> We dont wanna start changing the whole network stack just so that
> we can fit in VLANS, do we?
I don't think we need to. There may be some minor changes needed in
the 2.5 timeframe in order to efficiently support a lot of devices.
More on that later.
> based on VLANS; thats why building a table is so useful. Put your
> ACL on the "VLAN table"; someone makes a policy call that gets inserted
> into the VLAN table of the appropriate device (which in itself might be a
> simple pointer to a general filter database eg iptables).
> I dont have a problem with extending things like dst cache to have a
> pointer to some VLAN entry
OK, so we can hack on filters. For extra credit, imagine the same
scenario I described, but now the linux router is running gated to
thake OSPF from the two VLANs... how is that going to work if userland
sees only one network device?
As to the difficulty of working with many interfaces - I did a quick
survey of all the code in net/ that looks things up in the dev_base
list. Here's the executive summary - if anyone wants more details
I can type up more stuff from my notes.
The main user is of course core/dev.c - it provides (currently linear)
seach functions to retrieve a struct net_device by name or index.
(there's also a search by hwaddr, but that is only used if you run
"/sbin/arp -D hostname hw_addr pub" apparently... not a big deal)

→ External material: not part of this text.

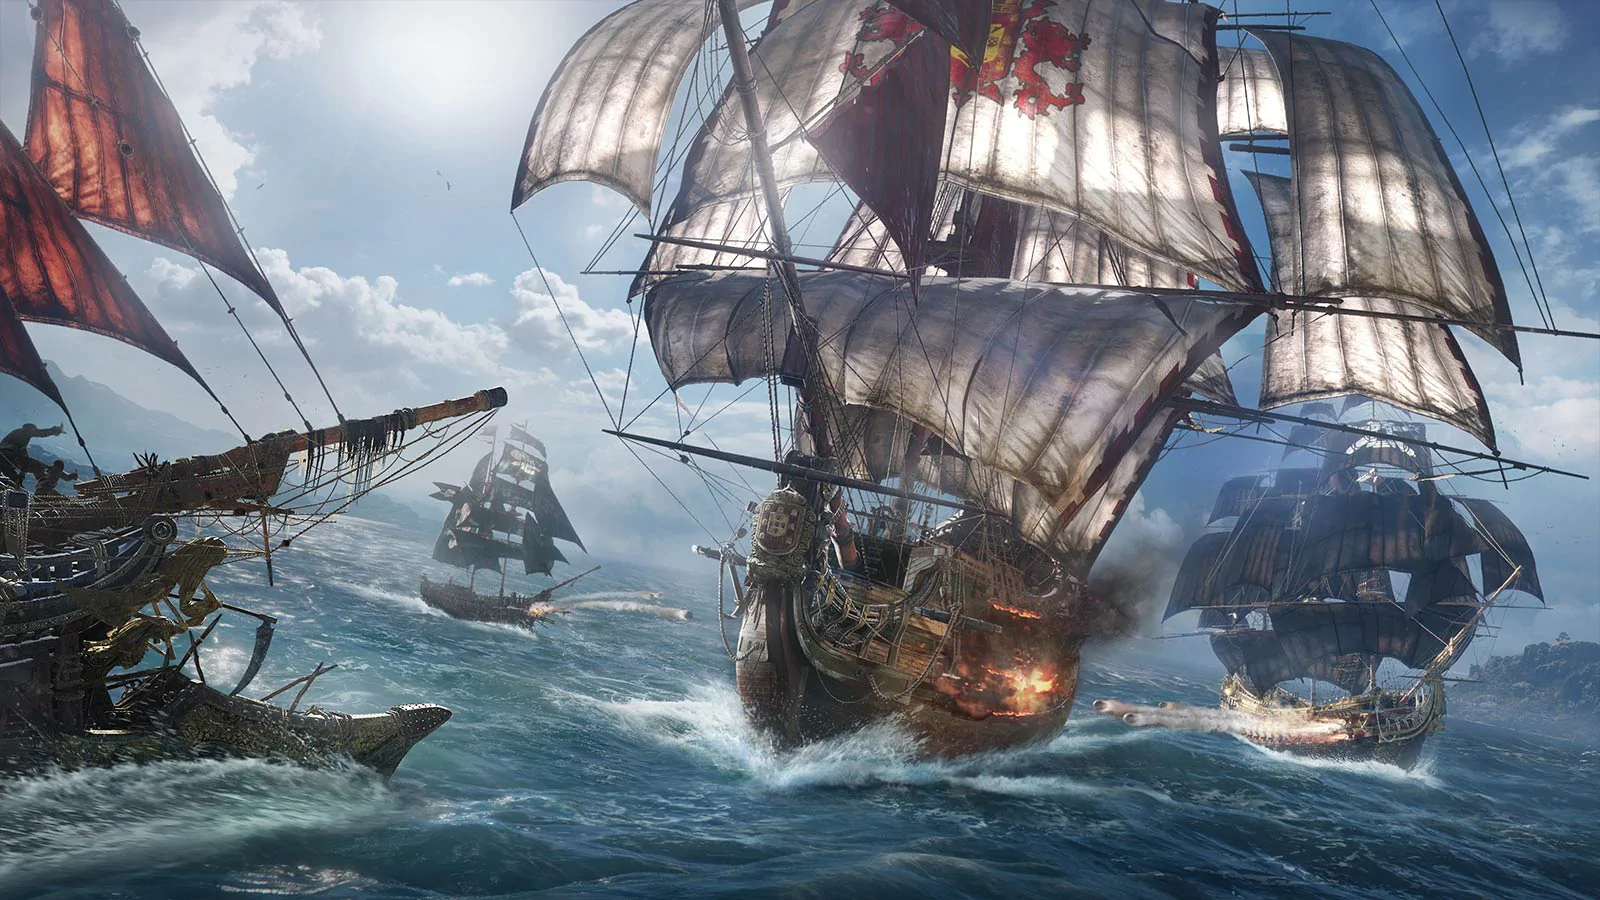 Ubisoft’s Skull & Bones is still in development, and will be a live game

These searches could be expedited by using a tree or hash, which
would solve the bulk of the problem.
The one tricky part is dev_alloc_name() function... it's current
algorithm is to search for "prefix0" through "prefix99" and if
they're all in use bail out. Not only does this mean that you
won't naturally end up with "ppp100", the search is N^2 (meaning
the time to set up N of them is N^3). The best algorithm compromise
isn't clear - I'd say that for each prefix in use ("ppp", "eth") keep
an ordered linked list of them, that way you can quickly linearly
scan looking for the lowest hole. An added optomization would be
to hold a "next_to_try_after" pointer into the list. (after adding
an interface, set to self. When deleting an interface, set to
our previous one if it's before next_to_try_after) which greatly
reduces the length of the search for many common access patterns.
This sounds complicated, but would actually be pretty easy to implement
using linux/list.h - just keep the next_to_try_after as the first
element and just rotate the list around it as it changes.
The tricker part is where the IP stack searches through the list
ipv6/addrconf.c/ipv6_get_saddr())... I assume these are just used
for corner cases, right? I assume that things on the fast path
(selecting source IPs for outgoing packets is taken care by the
routing code, right?!?)
Other protocols do things based on searching the list of all the
devices (decnet, netrom, rose)... if that is a big problem they
could easily maintain a list of devices that they're operating on.
The other places that look at all the devices are things like
/proc and netlink code where it explictly needs to operate on
Anyway, assuming that those code paths in ipv4 and ipv6 aren't
hotspots, some basic datastructure work in net/core/dev.c would
remove the algorithmic limitations on hosting thousands of devices.